EXERCISE = Would you please copy every line below that includes the string "Visar"?

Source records

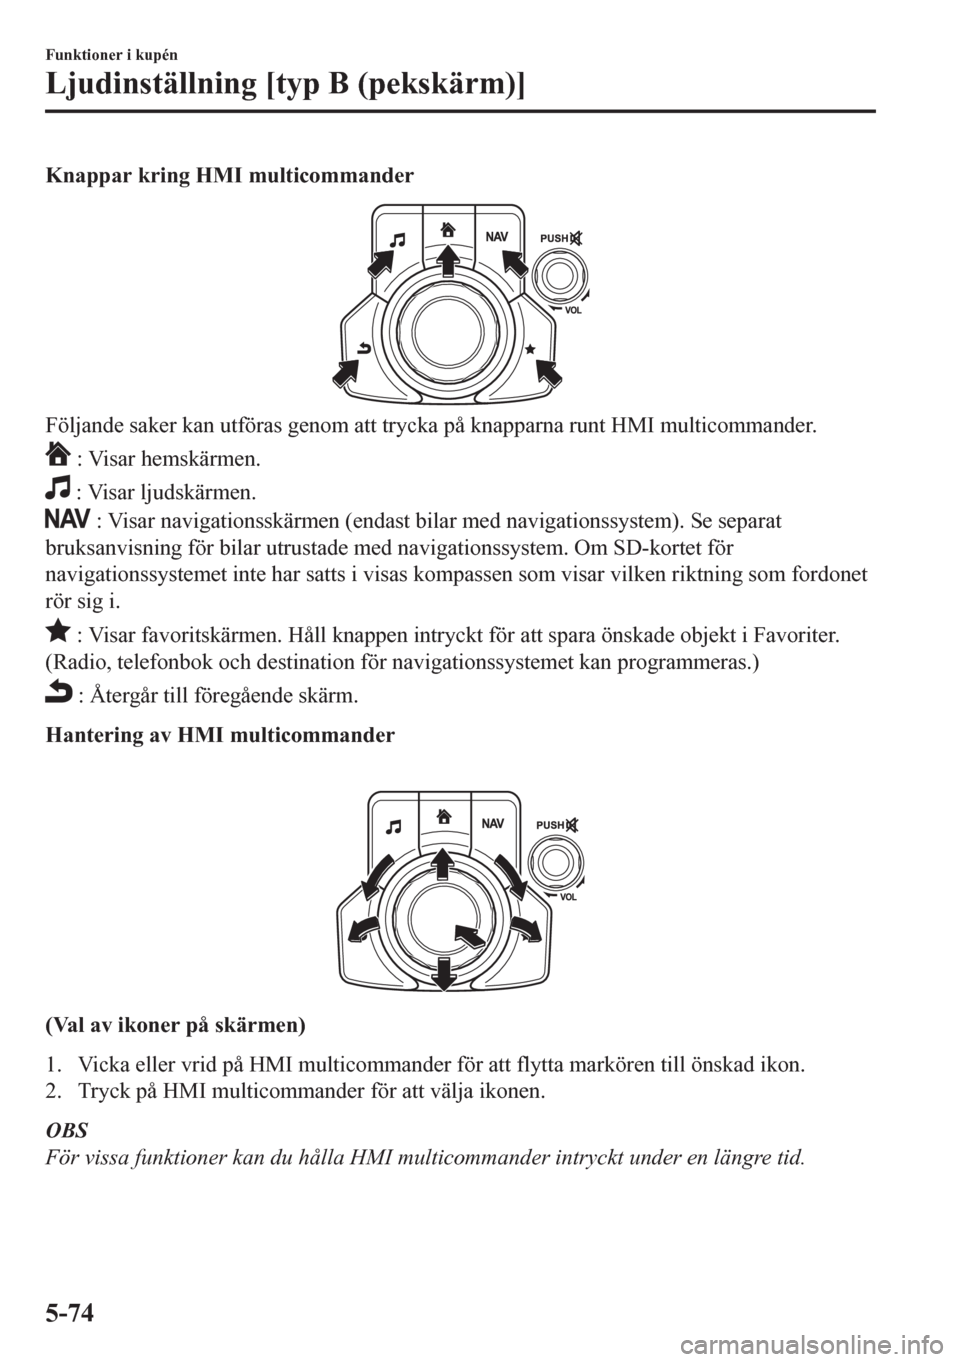 MAZDA MODEL CX-5 2018  Ägarmanual (in Swedish) Knappar kring HMI multicommander
Följande saker kan utföras genom att trycka på knapparna runt HMI multicommander.
 : Visar hemskärmen.
 : Visar ljudskärmen.
 : Visar navigationsskärmen (endast

EXERCISE RESULT =
 : Visar hemskärmen.
 : Visar ljudskärmen.
 : Visar navigationsskärmen (endast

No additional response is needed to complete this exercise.